You may be familiar with "battered wife syndrome" where a woman can become convinced that the beatings she suffers at her husband's hands are her fault, that she brought them on herself.
Most liberals, too, suffer from a form of this malady. They see the United States, the most free, most selfless country in the world as the source of all the evil in the world. Indeed, we foster evil in other countries.
We see a dangerous example of this played out by retired Air Force Gen. Merrill McPeak. McPeak is Senator Barack Obama's most senior military advisor.
According to today's Washington Times,
Sen. Barack Obama's most senior military adviser says President Bush is to blame for Iran's bad behavior.
How does McPeak explain this? He says Iran, the world's biggest supporter of terrorism, doesn't like al Qaeda and didn't like the Taliban in Afghanistan. But President Bush's "tough talk" and reference to Iran as a part of the "axis of evil" after 911 somehow pushed this peace-loving country to hate us.

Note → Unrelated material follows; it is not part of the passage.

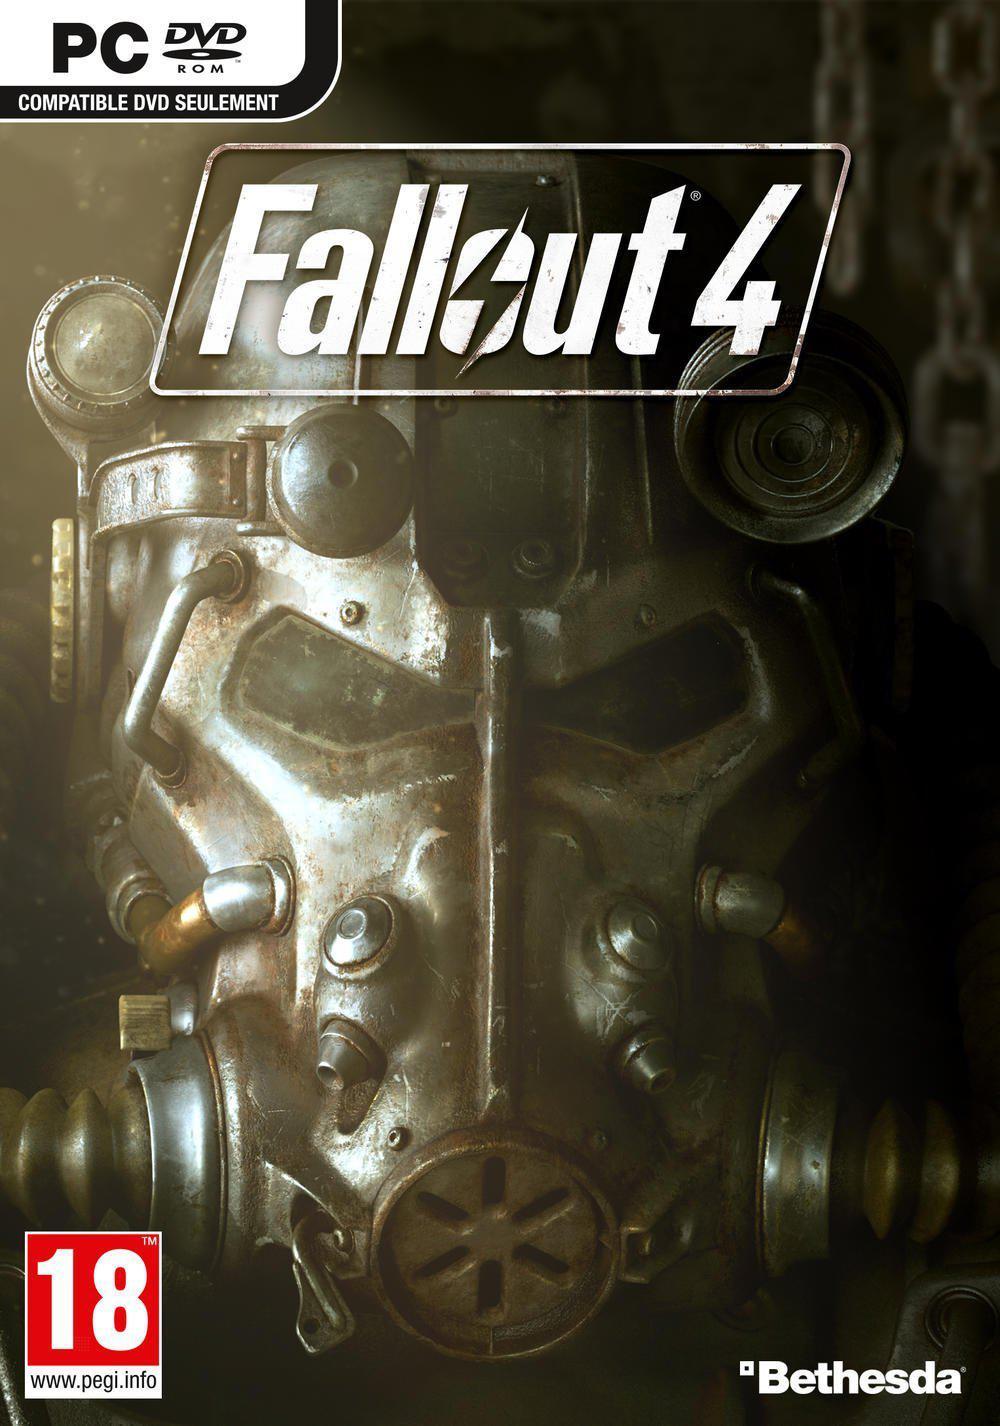 Fallout 4 sur PC

According to the article, McPeak supports Obama's idea of "talking to" the Iranians to see if we have "common ground."
Frankly, if we have any "common ground" with this brutal, oppressive, belligerent, bloodthirsty regime, we'd better get examine our own hearts and get ourselves right!
And "talking to" hostile nations like Iran tends to get us what Neville Chamberlain got when he "talked to" Herr Hitler: a worthless piece of paper that was figuratively burned up in the fires of war less than a year later. Appeasement does not work.
For the moment, wisdom speaks from the White House:
National security officials note that Iran's rogue behavior long predates Mr. Bush's speech. In June 2001, the Justice Department indicted 13 members of a pro-Iranian group, Saudi Hezbollah, for carrying out the 1996 Khobar Towers bombing that killed 19 American service members in Saudi Arabia. Saudi Hezbollah, a terrorist group, held regular meetings in Iran, the FBI said.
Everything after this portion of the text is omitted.